Human will is all-powerful, and by it we can produce any change of any kind in the development of our future well-being. There is, again, the view that God alone is responsible for all our actions, and that He makes those whom He wants to raise perform good actions and those whom He wants to take the downward path commit sinful deeds. There is also the view that God rewards or praises us in accordance with our good or bad deeds, and that we alone are responsible for our actions and free to act as we choose. There is a further view, elaborately dealt with in Patañjali’s Yoga-sūtra , that our deeds determine the particular nature of our birth, the period of our lifetime and the nature of our enjoyments or sufferings. Ordinarily the fruits of the actions of a previous birth are reaped in the present birth, and the ripened fruits of the actions of the present birth determine the nature of the future birth, period of life and pleasurable or painful experiences, while the fruits of extremely good or bad actions are reaped in this life.

In none of these theories do we find the sort of common-sense eclecticism that we find in Caraka. For here it is only the fruits of extremely bad actions that cannot be arrested by the normal efforts of good conduct. The fruits of all ordinary actions can be arrested by normal physical ways of well-balanced conduct, the administration of proper medicines and the like. This implies that our ordinary non-moral actions in the proper care of health, taking proper tonics, medicines and the like, can modify or arrest the ordinary course of the fruition of our karma. Thus, according to the effects of my ordinary karma I may have fallen ill; but, if I take due care, I may avoid such effects and may still be in good health. According to other theories the laws of karma are immutable. Only the fruits of unripe karma can be destroyed by true knowledge.

The fruits of ripe karma have to be experienced in any case, even if true knowledge is attained. The peculiar features of Caraka’s theory consist in this, that he does not introduce this immutability of ripe karmas. The effects of all karmas , excepting those which are extremely strong, can be modified by an apparently non-moral course of conduct, involving the observance of the ordinary daily duties of life. Ordinarily the law of karma implies the theory of a moral government of the universe in accordance with the good or bad fruits of one’s own karma.
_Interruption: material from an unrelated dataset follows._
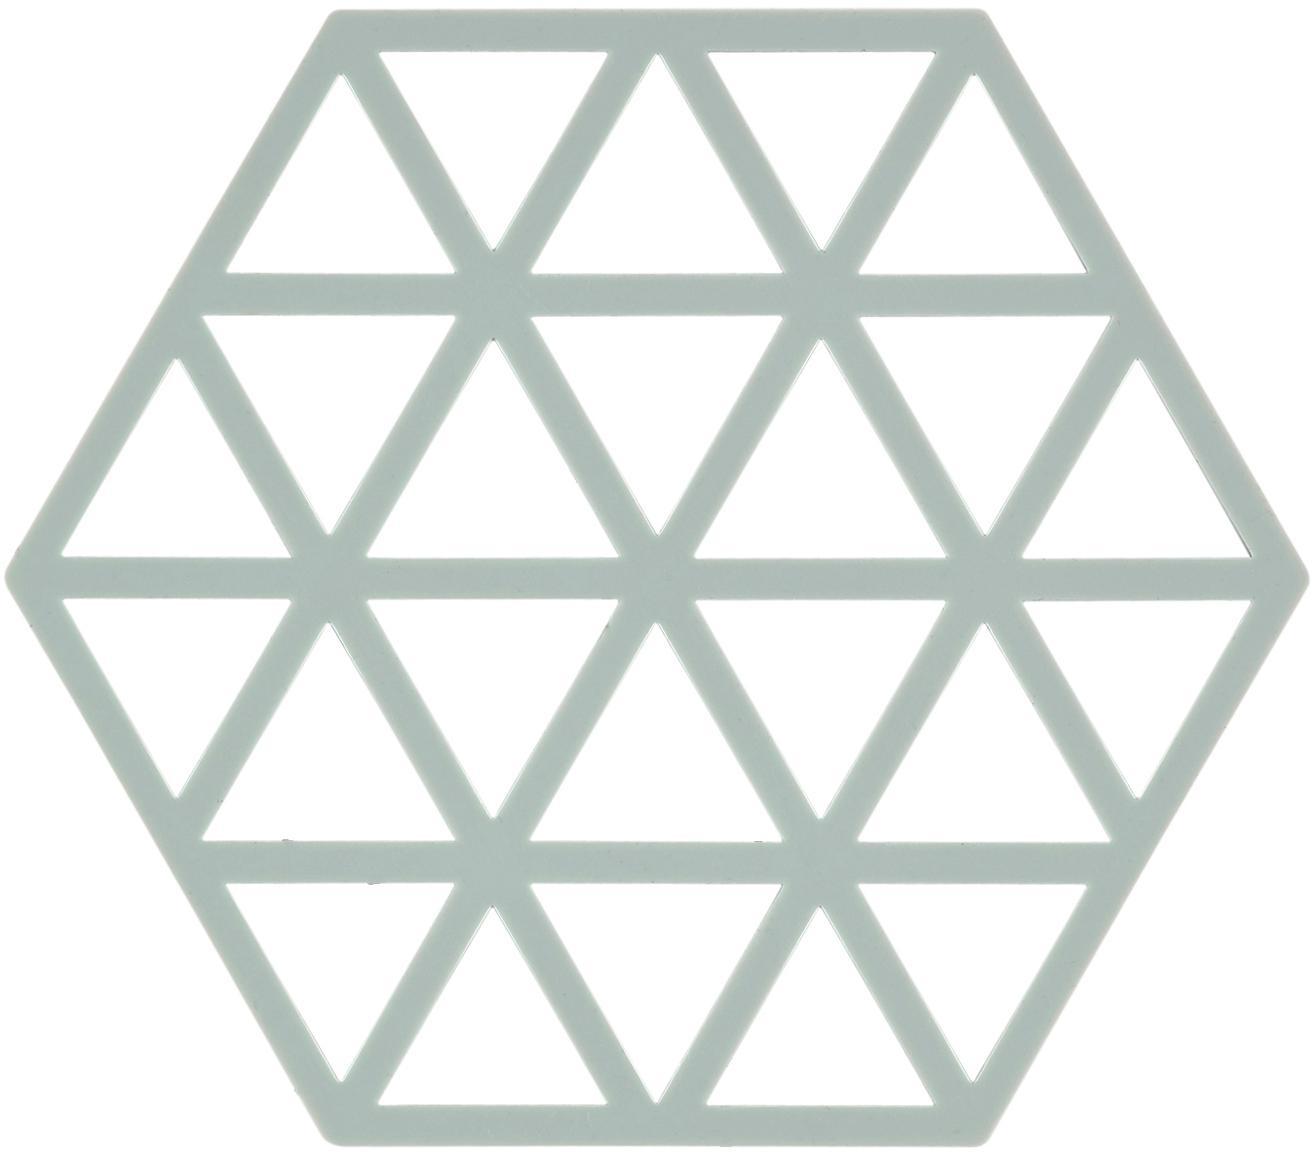 Salvamanteles de silicona Triangle, 2uds., Silicona, Azul pastel, An 14x F 16 cm

We may be free to act as we choose; but our actions in this life, excepting those of great enormity, determine the experiences of our future lives, and so an action in this life cannot ordinarily be expected to ward off any of the evils of this life which one is predestined to undergo in accordance with the karma of a previous birth. Moreover, it is the moral or immoral aspects of an action that determine the actual nature of their good or bad effects, success or failure. This implies a disbelief in our power of directly controlling our fortunes by our efforts.

The theory of karma thus involves a belief in the mysterious existence and ripening of the sinful and virtuous elements of our actions, which alone in their course of maturity produce effects. If the theory that sins bring their punishment, and virtues produce their beneficial effects, of themselves, is accepted, its logical consequences would lead us to deny the possibility of mere physical actions modifying the fruition of these karmas. So the acceptance of the moral properties of actions leads to the denial of their direct physical consequences. If through my honest efforts I succeed in attaining a happy state, it is contended that my success is not due to my present efforts, but it was predestined, as a consequence of the good deeds of my previous birth, that I should be happy. For, if the fruition was due to my ordinary' efforts, then the theory that all happy or unhappy experiences are due to the ripening of the karmas of the previous births falls to the ground.
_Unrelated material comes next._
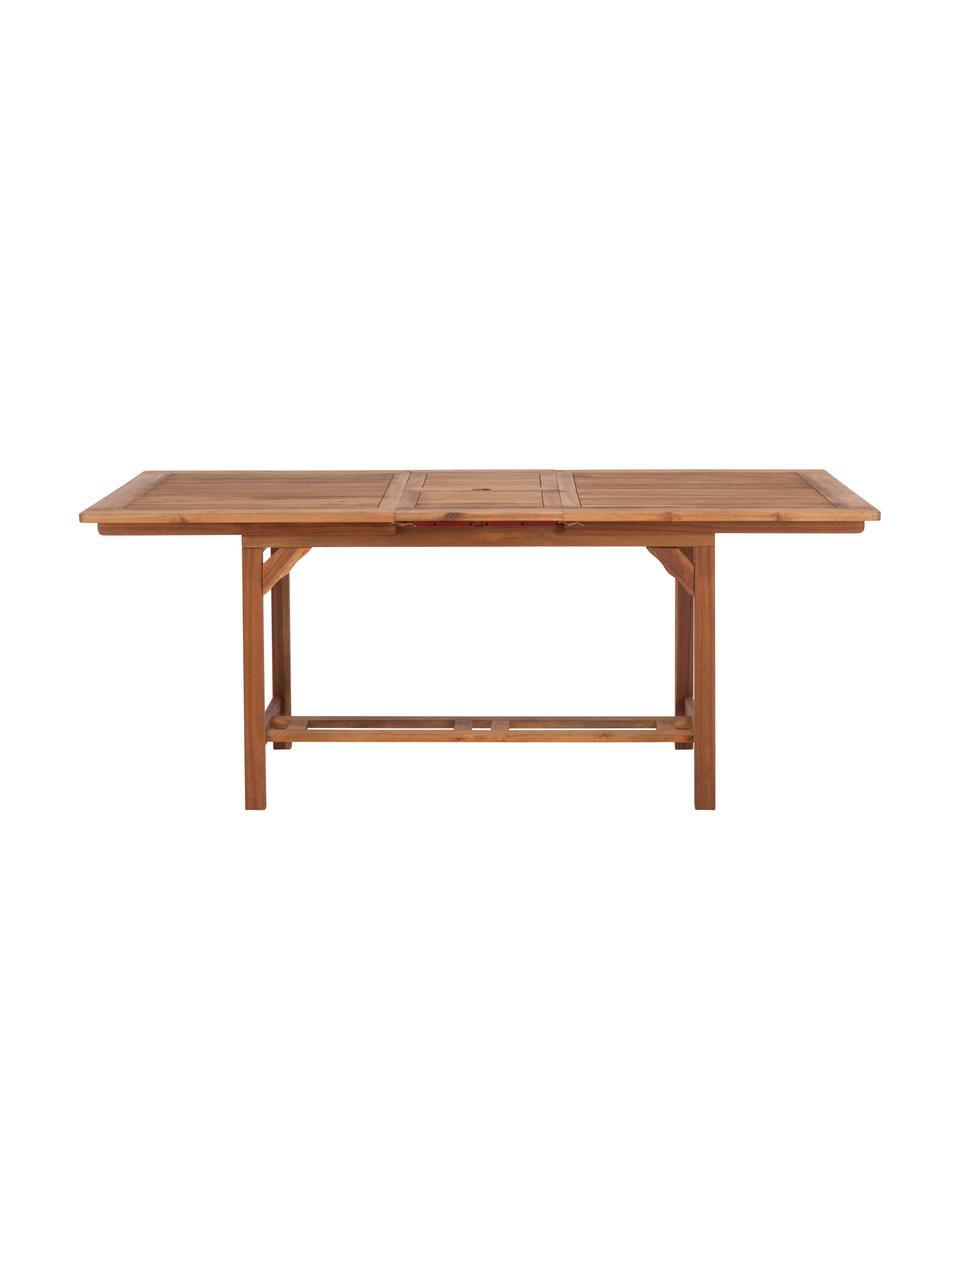 Ausziehbarer Gartentisch Somerset aus Holz, Akazienholz, geölt, Akazienholz, 150 x 75 cm

If, on the other hand, all success or failure is due to our proper or improper efforts, then the capacity of sins or virtues to produce misery or happiness may naturally be doubted, and the cases where even our best efforts are attended with failure are not explained. But, if our ordinary efforts cannot effect anything, and if the modes of our experiences, pleasures and sufferings, and the term of our life are already predestined, then none of our efforts are of any use in warding off the calamities of this life, and the purpose of the science of medicine is baffled. In common-sense ways of belief one refers to “fate” or “destiny” only when the best efforts fail, and one thinks that, unless there is an absolute fatality, properly directed efforts are bound to succeed.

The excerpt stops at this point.